Americano não gosta de legendas. Hollywood ainda por cima é uma indústria de cinema formada por estúdios mimados e com dinheiro de sobra. O resultado disso é uma vontade sistemática de refilmar sucessos falados em outras línguas para adaptar aos ouvidos yankees. Não se enganem, isso acontece em todos os gêneros, mas nenhum sofre tanto quanto o terror. E a vítima da vez é Boa Noite, Mamãe.
Para quem não ligou o nome à pessoa, a nova produção do Amazon Studios é o remake do austríaco de 2014 que foi batizado no Brasil com o mesmo nome e tinha a mesma história. Porém era um exemplo aflitivo e perturbador de uma ideia que deve ter dado pesadelos para muita gente. Já a versão americana… bom ela é só um terrorzinho covarde e bobo.
E é óbvio que é necessário comparar ambos, afinal, o mercado americano preferiu ignorar o primeiro, consumi-lo como deveria (chegou até a ser a escolha da Áustria para o Oscar, mas não foi um dos finalistas da lista da Academia). Portanto, Boa Noite, Mamãe é um exemplo perfeito de como Hollywood tem a capacidade de comprar um filme só para destruí-lo.
A história é quase a mesma. Dois garotos gêmeos que vão morar com a mãe em uma casa afastada de tudo, mas chegando lá encontram ela com a cabeça envolta em bandagens pós uma cirurgia estética. Em pouco tempo os dois então começam a estranhar o comportamento da mãe e chegam à conclusão que aquela mulher não é a mãe deles, o que os obriga a agir para encontrar a mãe real, mesmo que isso os leve a “vias de fato”.
No comando da versão americana está Matt Sobel, que tem um jeito sutil de direção, o que funciona em boa parte do tempo, principalmente, pois o roteiro de Kyle Warren não se aguenta com a grande surpresa do filme em mãos e faz de tudo para o espectador descobri-la antes da hora. Nesse começo, por exemplo, é o trabalho de Sobel que na maioria do tempo desvia a atenção.

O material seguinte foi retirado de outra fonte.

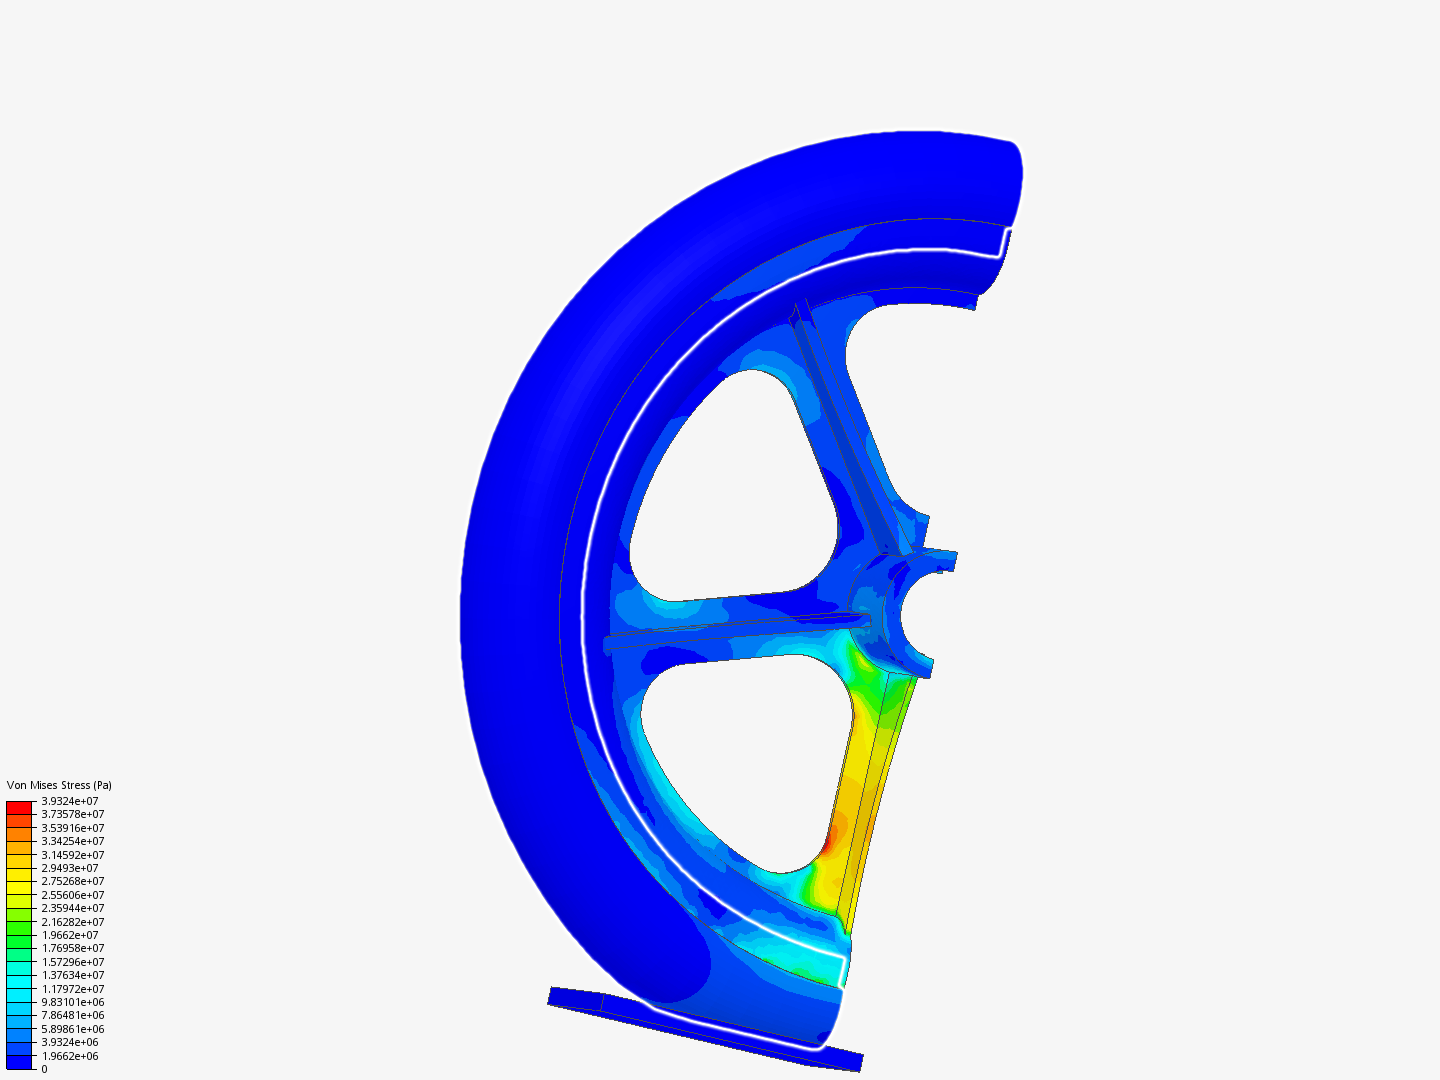 Plate 3: Nonlinear Structural Analysis of a Wheel image

As linhas de diálogo de Warren são óbvias e forçam essas estranhezas que vão levando o público a tentar entender o que está realmente acontecendo, mas as composições de cena de Sobel empurram a verdade sempre para um canto escondido. Infelizmente para o público que não viu o original, o “tal segredo” fica claro muito antes do que devia e tudo fica enfadonho e lento.
Já para quem viu o filme original, seja fã ou não, essa versão em inglês não só não apresenta nada de novo, como mostra claramente o quanto a versão austríaca trabalhava bem melhor as questões mais perturbadoras e interessantes do original. Uma correção aqui, há sim algo de novo, mas é uma resolução preguiçosa, covarde e que foge do original com um óbvio medo de ser rejeitada pelos espectadores mais sensíveis.

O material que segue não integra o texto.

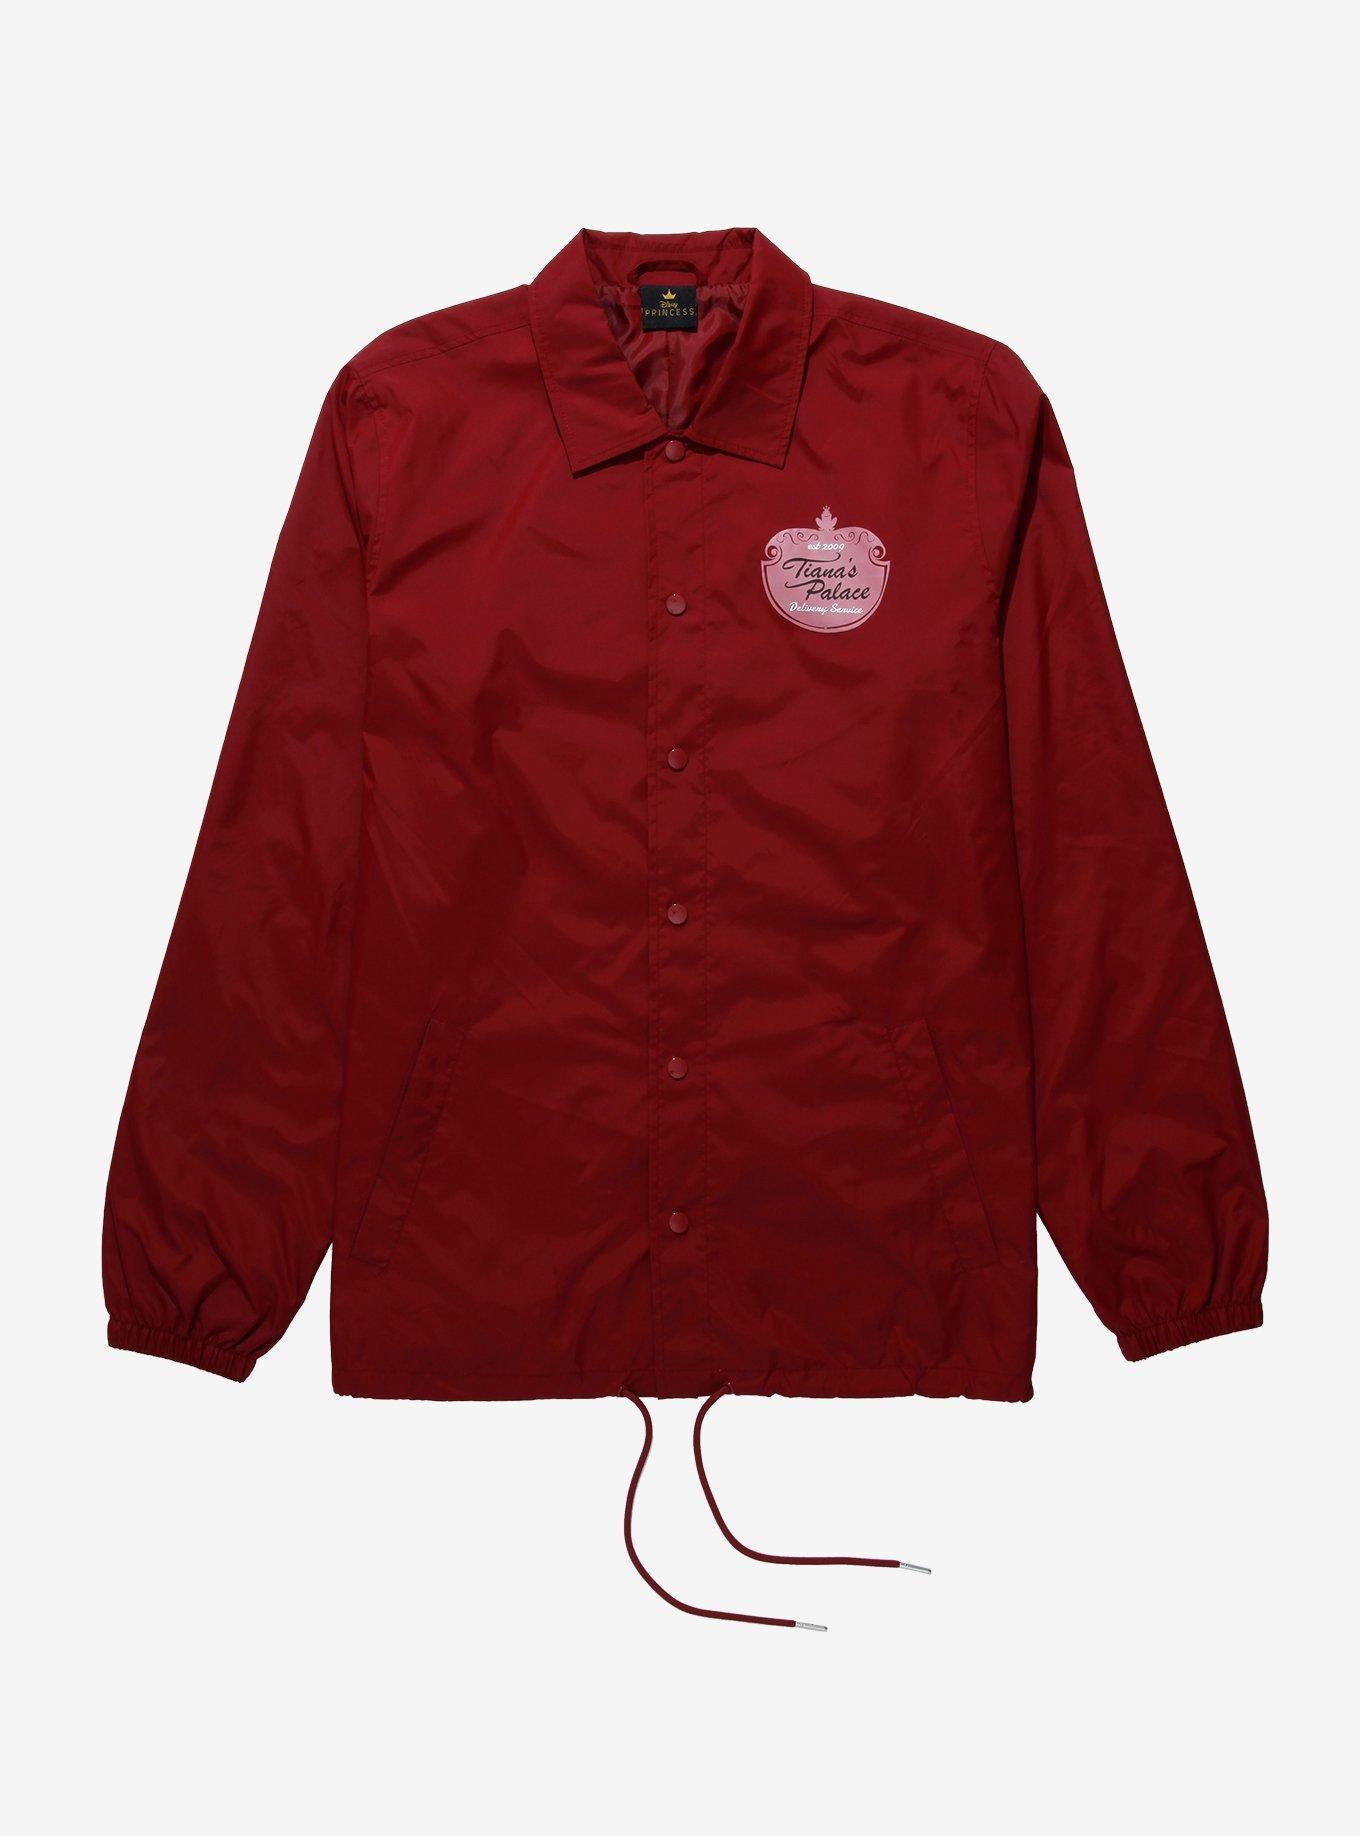 Disney The Princess and the Frog Tiana's Palace Coach's Jacket - BoxLunch Exclusive, BURGUNDY, hi-res

E talvez essa seja a principal qualidade do filme de 2014, a vontade de incomodar o espectador sem absolutamente nenhuma pena de estabelecer um filme que no começo que era um terror psicológico, mas que aos poucos chega até a conversar com uma espécie de “torture porn” (por mais que eu não goste do termo e que fique pior ainda em si tratando de uma mãe!). Já o americano, pasteuriza tudo isso.
As ataduras da mãe não são suficientemente assustadoras, o cachê de Naomi Watts é alto demais, então sua cara precisa aparecer muito antes e mais do que deveria. A vontade de suavizar o filme é tão grande que nem a ideia de manter os gêmeos com roupas iguais (o que é perturbador) sobrevive. Sem contar um final americano que substituí o desespero e a vontade de desviar o olhar por uma situação quase poética e bobinha.
Nada disso caindo naquele clichê de pular aos olhos somente para quem viu o original, mas sim decisões narrativas e estéticas que deixam o filme “light”. Falta terror em Boa Noite, Mamãe, e se você é um fã do gênero que vai até esse filme, seja pelo remake, seja pelo horror da sinopse, com certeza se sentirá enganado e só não poderá pedir seu dinheiro de volta, pois ainda irá usar o frete grátis na Amazon.
“Goodnight Mommy” (EUA, 2022); escrito por Kyle Warren; dirigido por Matt Sobel; com Naomi Watts, Cameron Crovetti e Nicholas Crovetti.